Fritillaria reuteri (grown by the skilled bulb aficionados extraordinaire, Bob and Rannveig Wallis, who are able almost to make a Show entirely around the wonderful plants they grow alone), which comes from high mountains west of Esfahan in Iran, was one of several species of this engaging genus exhibited. Fritillarias in their variety grace all of the spring alpine shows and have an unique appeal: the Fritillaria Group now has its own Facebook page, set up to engender more interest across the social media, in the same way that the AGS tries and perhaps needs to do.

For those who would like to see the plants displayed at Rosemoor in real detail then view Jon Evans' superb compilation of photos and commentary here This is Jon and his colleague Jim Almond in action at the Show.

I can't leave Rosemoor though without a few more images from the garden itself, which I first visited many years ago before it was gifted to the Royal Horticultural Society. The original garden around the house has that wonderful maturity of characterful trees and vistas.

But the 'new' garden has also matured remarkably and that clean moist climate of the West Country is reflected in the lichens growing on this tree.
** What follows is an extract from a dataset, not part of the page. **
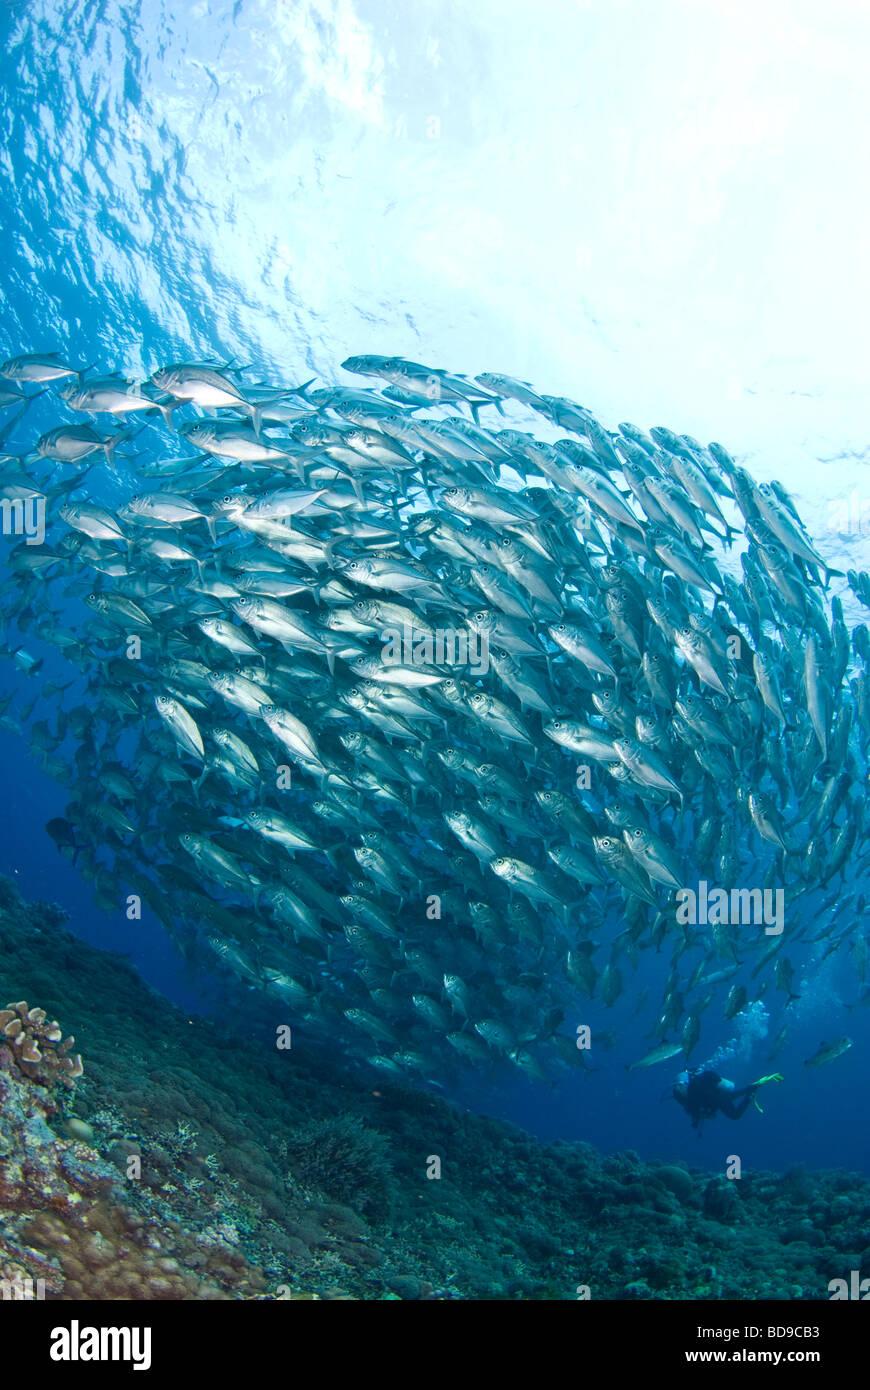 Schooling big eye jackfish and scuba diver, Tubbataha, Philippines - Stock Image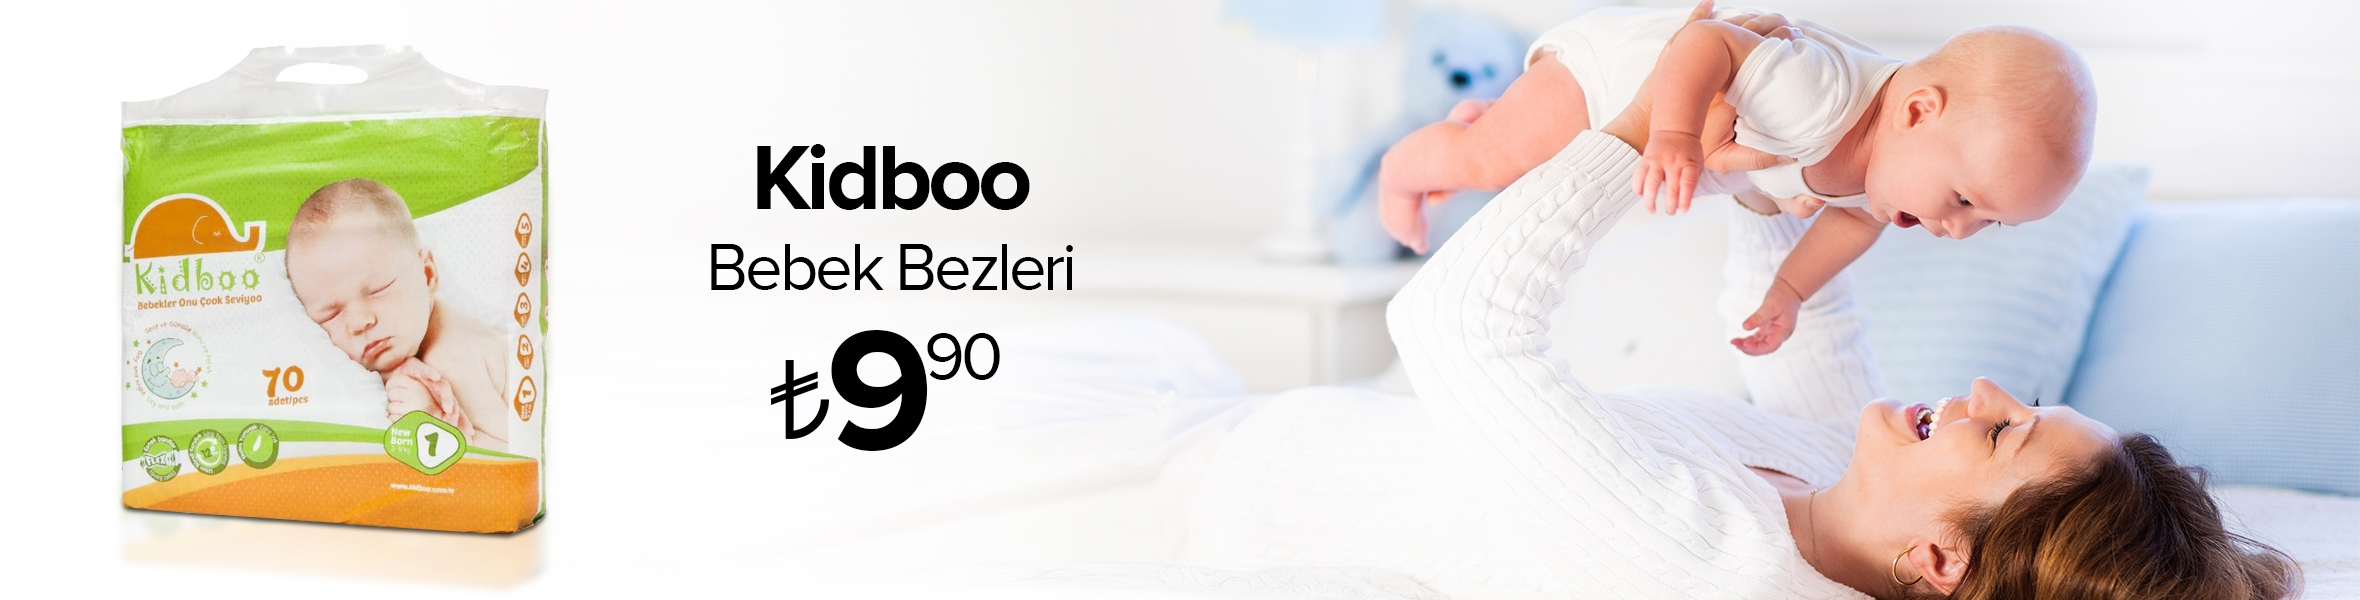 Kidboo Bebek Bezleri 9.90 TL

And in this rather nice planting as you cross through the tunnel connecting new and old.

There are those plants which satisfy the curiousity of the true plantsman... Ercilla volubilis climbing through Magnolia grandiflora...

... and the Chinese Aspidistra sichuanensis.

And finally the most superbly presented array of alpines and bulbs in the alpine house.

It is not easy as an individual to achieve results like these with plants in your own garden without the help and support of other gardeners - both practically and intellectually - and this is where societies such as the AGS and RHS can be of great value when they work in partnership at a Show like this at Rosemoor.